Goal setting was traditionally viewed as an annual activity however due to frequent changes in the business environment which impacts company strategies and expectations from employees many companies are moving towards short term goals with every 3 monthly check-ins to remain more flexible and realistic.
Developing Skills : Post goal setting the focus remains on helping employees develop the skill-sets irrespective whether if it is technical, analytical, and behavioural or leadership skill. Empowering them with the tools that they need to succeed in their respective roles should be the primary focus of the organization, to be more specific responsibility of HR and managers.
Monitoring and Feedback sharing : Regular feedback sharing, mentoring and monitoring the progress makes the workforce more agile, open to feedback and opens up a continuous communication channel. This helps employees to constantly align their progress with the manager's expectations, discuss roadblocks and get real-time suggestions. In parallel, they understand their areas of improvement instantly instead of procrastinating, doing things the way they think is correct and then failing to deliver as expected. If this is diligently followed an open and interactive process could set our employees on a success journey.
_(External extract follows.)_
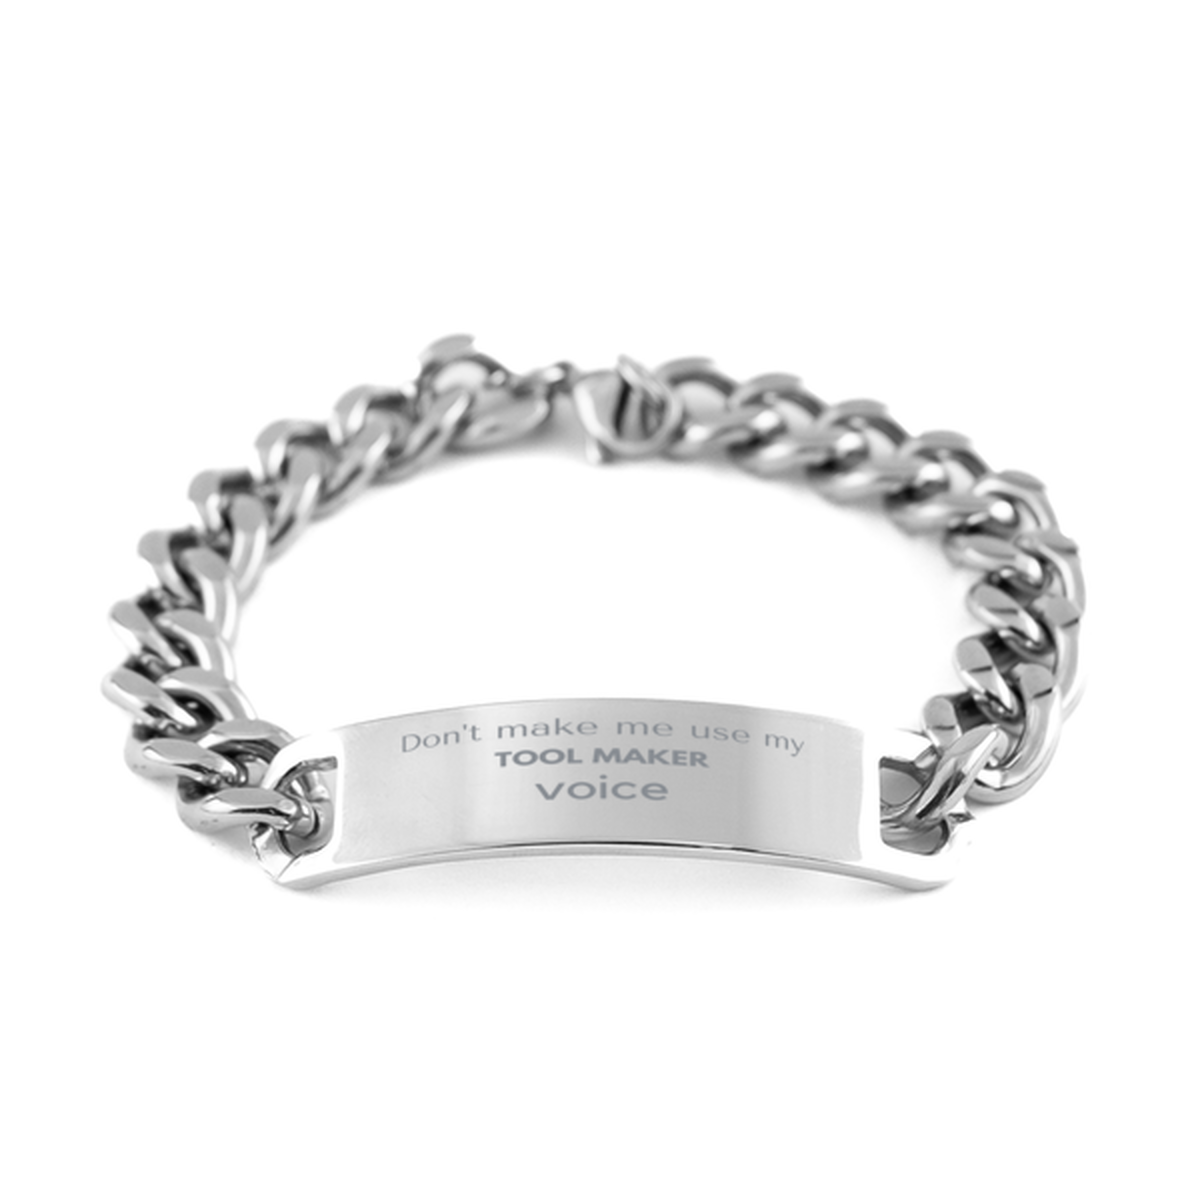 Don't make me use my Tool Maker voice, Sarcasm Tool Maker Gifts, Christmas Tool Maker Cuban Chain Stainless Steel Bracelet Birthday Unique Gifts For Tool Maker Coworkers, Men, Women, Colleague, Friends

Measuring : They say 'What gets measured gets done', it means that regular measurement and reporting helps keep performance on track. In order to prove performance, it is important to measure and substantiate it with tangible data which indicates whether if an employee has under-performed, out-performed or has been able to comfortably match up to the organization's expectations.
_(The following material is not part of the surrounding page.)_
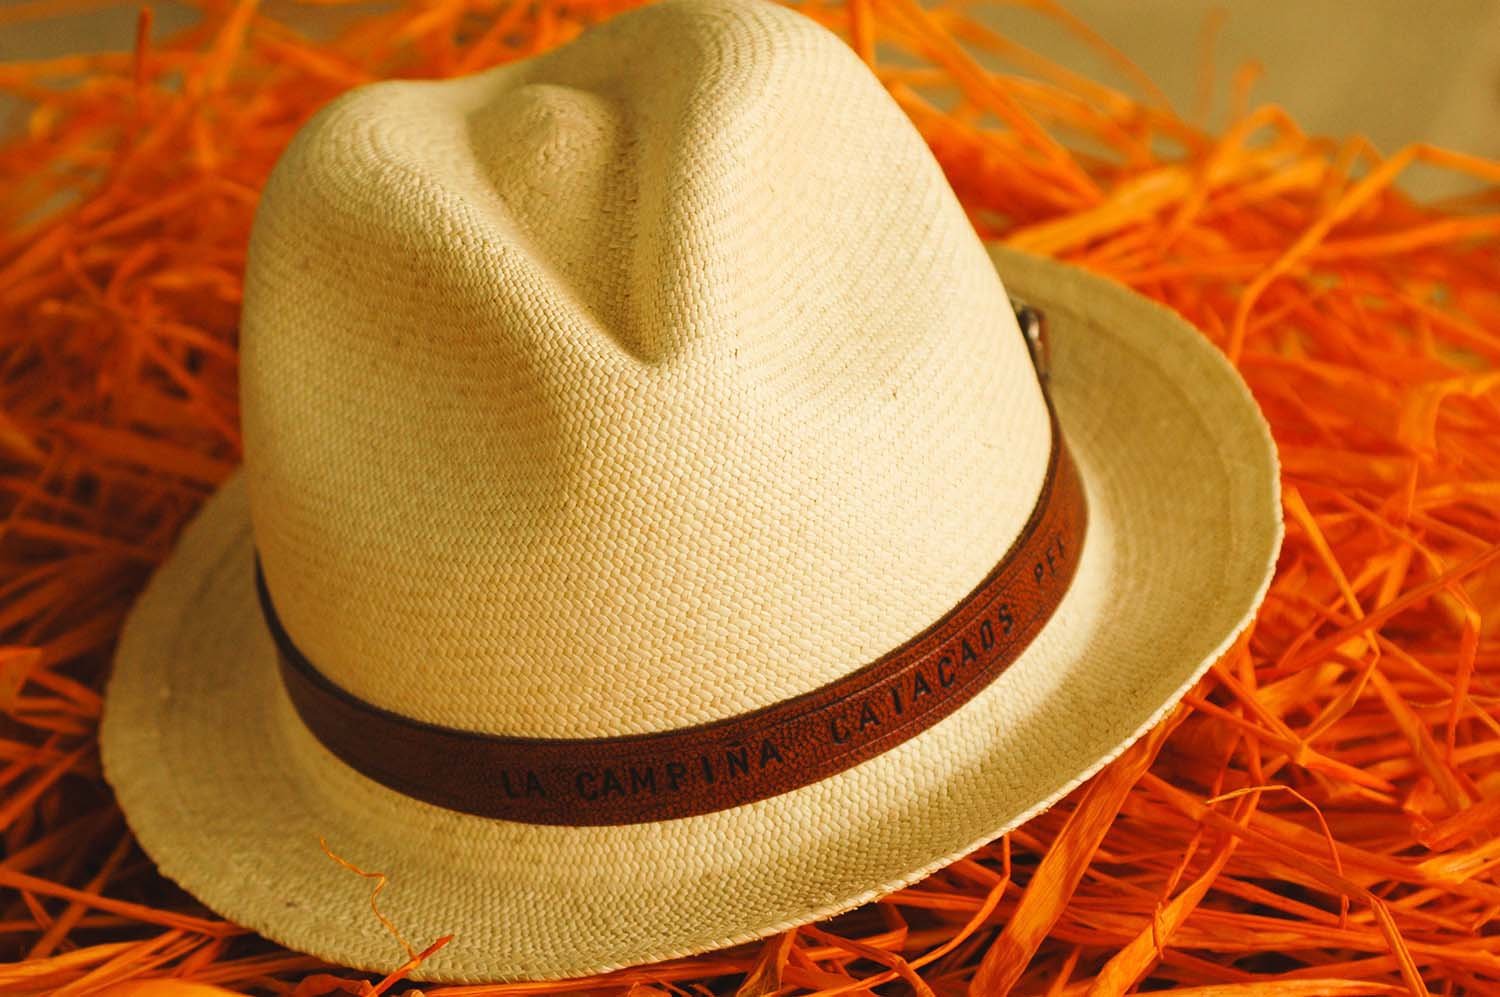 Natural straw hat sitting on a pile of orange straw

Rating : First measure performance and then rate individual performance on a scale of 1-5 is a common practice that employers follow. However, instead of rating employees only on the basis of results it is recommended that they are also rated basis all the data from previous evaluations and overall competencies which includes technical, behavioural and leadership skills.
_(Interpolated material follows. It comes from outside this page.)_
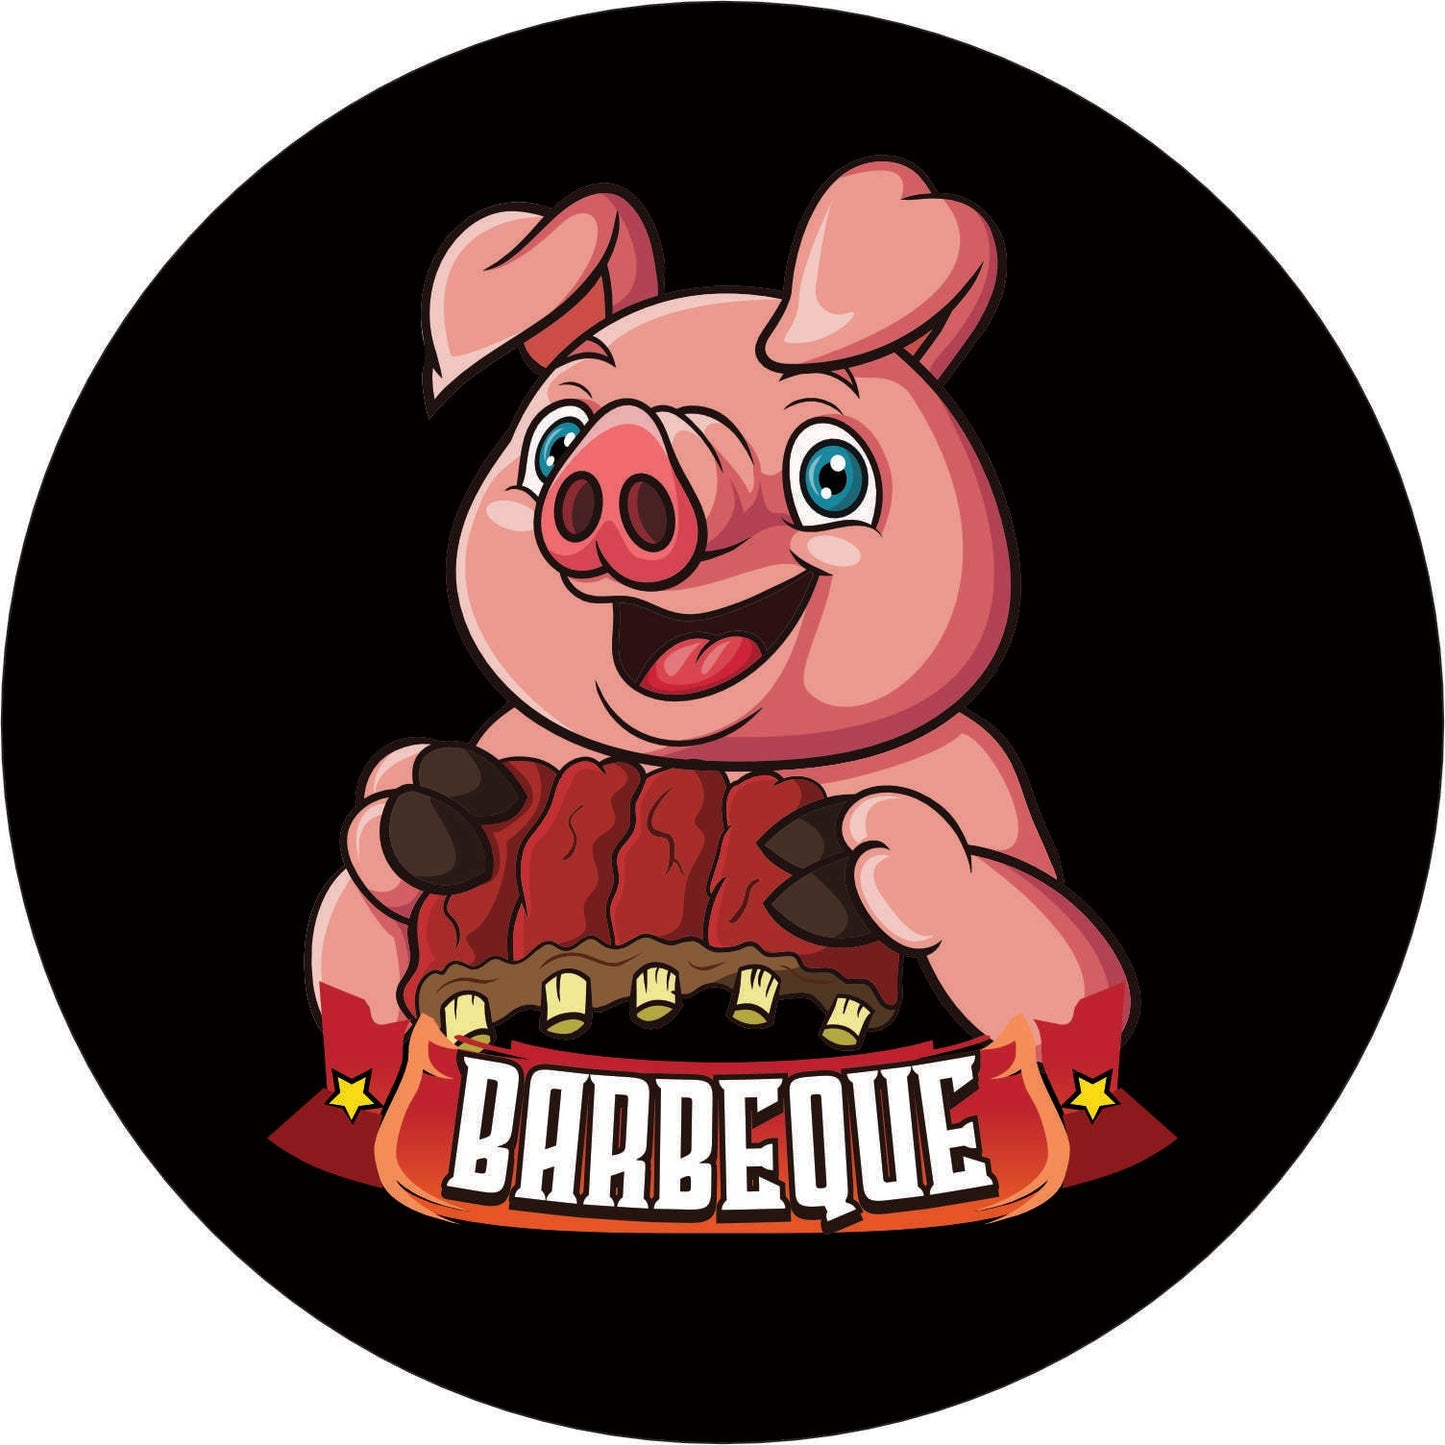 054-Single-sided illuminated sign - BBQ Barbeque

There are lots of insightful data that pops up from the regular check-ins, feedback sharing sessions and progress monitoring this data could be used to fathom the gaps, create developmental plans and further coach the employees to better prepare them for success. A consistent calibration process ensures that there are proper checks and balances before arriving at the final ratings. It also ensures that a particular manager is not able to be too strict or too lenient with his/her ratings. Refer a Gartner article on Performance Calibration.
Rewards and Recognition : Rewards and recognition programs should be leveraged throughout the year to motivate and appreciate employees because extrinsic motivation which mostly drives performance should not be an annual activity. While extrinsic motivation comes from strong recognition programs intrinsic motivation is a result of lending a purpose and strong sense of alignment with the organization. Nevertheless, the two most obvious ways of valuing employee performance rising out of performance management are pay enhancements including annual bonus and promotions. They could make or break the bond of loyalty and it all depends on how impartial could your process be.
"If You Feel You Are Being Given A Little More That You Thought You Would Earn, Then You Tend To Go Above And Beyond To Restore This Balance" - Harvard Business School Article.
Therefore, it is fair to say that if all of the above are driven positively with an intention to grow, support, recognise, reward employees and arm them with the necessary skill-sets it is bound to enhance employee loyalty, making them more productive and engaged. Both considered as the key driving factors behind improving the organization's profitability. Thus, performance and engagement lay at the heart of any organization's larger success.